- Born: January 2, 1847 Zolkiew, Kingdom of Galicia and Lodomeria
- Died: October 27, 1911 (aged 64) Vienna
- Known for: Clear lens extraction
- Scientific career
- Fields: ophthalmology

= Vincenz Fukala =

Polish ophthalmologist (1847–1911)

Vincenz Fukala (January 2, 1847 – October 27, 1911) was a Polish ophthalmologist and ophthalmology historian better known for early works on Clear lens extraction, the surgical removal of natural lens of the eye, as a treatment of high myopia. He also developed successful techniques for the treatment of ectropion.

==Biography==
Vincenz Fukala aka Wincenty Fukała was born into a Polish family in present-day Zhovkva in Ukraine on January 2, 1847.

Fukala died on October 27, 1911, at Vienna.

==Career==
Studying medicine in University of Vienna, Fukala specialized in ophthalmology under Austrian ophthalmologist Carl Ferdinand von Arlt. After working as an ophthalmologist in Plzeň and Karlovy Vary in Bohemia for five years from 1889, he returned to Vienna in 1895. Fukala traveled to Egypt in 1872 to study trachoma, and to the United States in 1891 and 1892 to study scrofulous eye disease.

==Contributions==
Fukala is better known for early works on Clear lens extraction, the surgical removal of natural lens of the eye, as a treatment of high myopia. His researches in clear lens extraction later led to the development of two cornea-based refractive surgeries, keratomileusis and epikeratophakia.

Other than clear lens extraction technique for myopia, Fucala developed highly successful techniques for the treatment of ectropion, an eyelid condition caused by blepharitis, trachoma, or shallow eye sockets following enucleation. In the treatment of glaucoma, he recommended that when one eye becomes blind due to glaucoma, to prevent glaucoma and save vision in other eye, iridectomy should be performed in the other eye also.

He was also an expert on ancient European texts and the history of Arabian ophthalmology.

===Fukala's operation===
Fucala advised clear lens extraction in young high myopic (−13 diopters or more) patients with poor vision and inability to work. He removed the lens, even at low power (−10 D), in children between five and ten years of age with progressive myopia who were prone to increasing levels of myopia.

After the surgery, which consisted of dissection of the clear lens and subsequent needle removal of the swollen lens material, most of his patients regained good vision. After successful reports of Fukala's surgical method, ophthalmologists from many European countries performed this operation to treat highly myopic patients.

Although he had many success history, his surgical methods were opposed by his contemporaries, Franciscus Donders, Ernst Fuchs, von Graefe, etc. On April 3, 1887, when he performed his first clear lens surgery and then gave his first lecture on it, criticizing that, Fuchs said that it could even be dangerous under certain circumstances. At an ophthalmology meeting in Edinburgh in 1894, Donders even argued that his method would be a "punishable presumption" and that patients would lose their accommodation completely, however, Fukala noted these arguments were just theoretical.
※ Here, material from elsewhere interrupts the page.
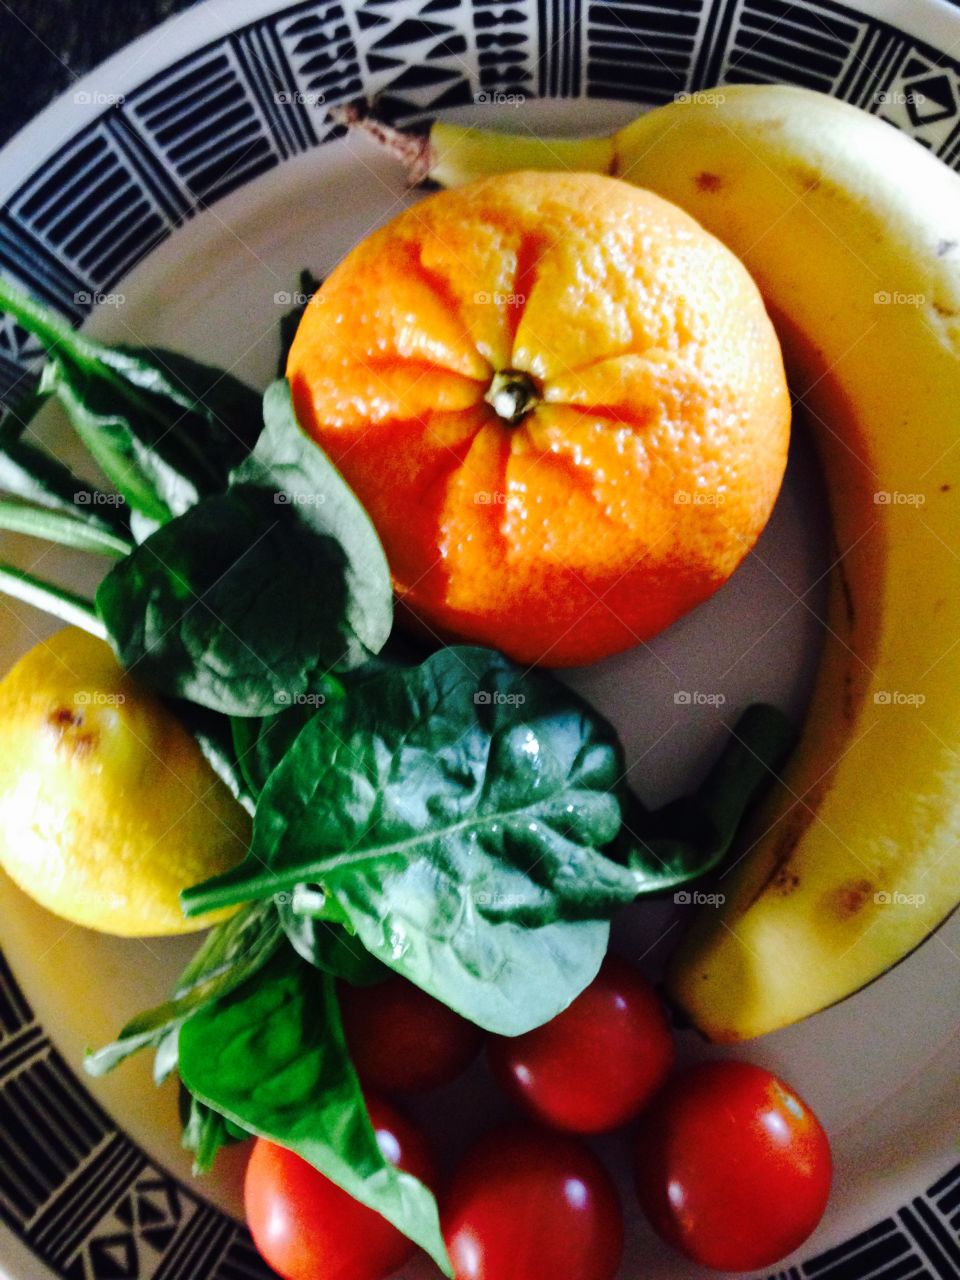 Fruit and veggies!. Orange, banana, tomato, spinach, oh my! Colors of health, fruit and veggies yum!

In the early 20th century, practice of Fucala's method declined due to the fear of complications, but at the end of the century, clear lens excision was resumed in high myopes as the risk of complications decreased significantly. After the advancements in surgical techniques and invention of intraocular lens, unlike leaving the eye without lens as Fukula did earlier, usually a monofocal or multifocal intraocular lens is placed inside the eye after operations now.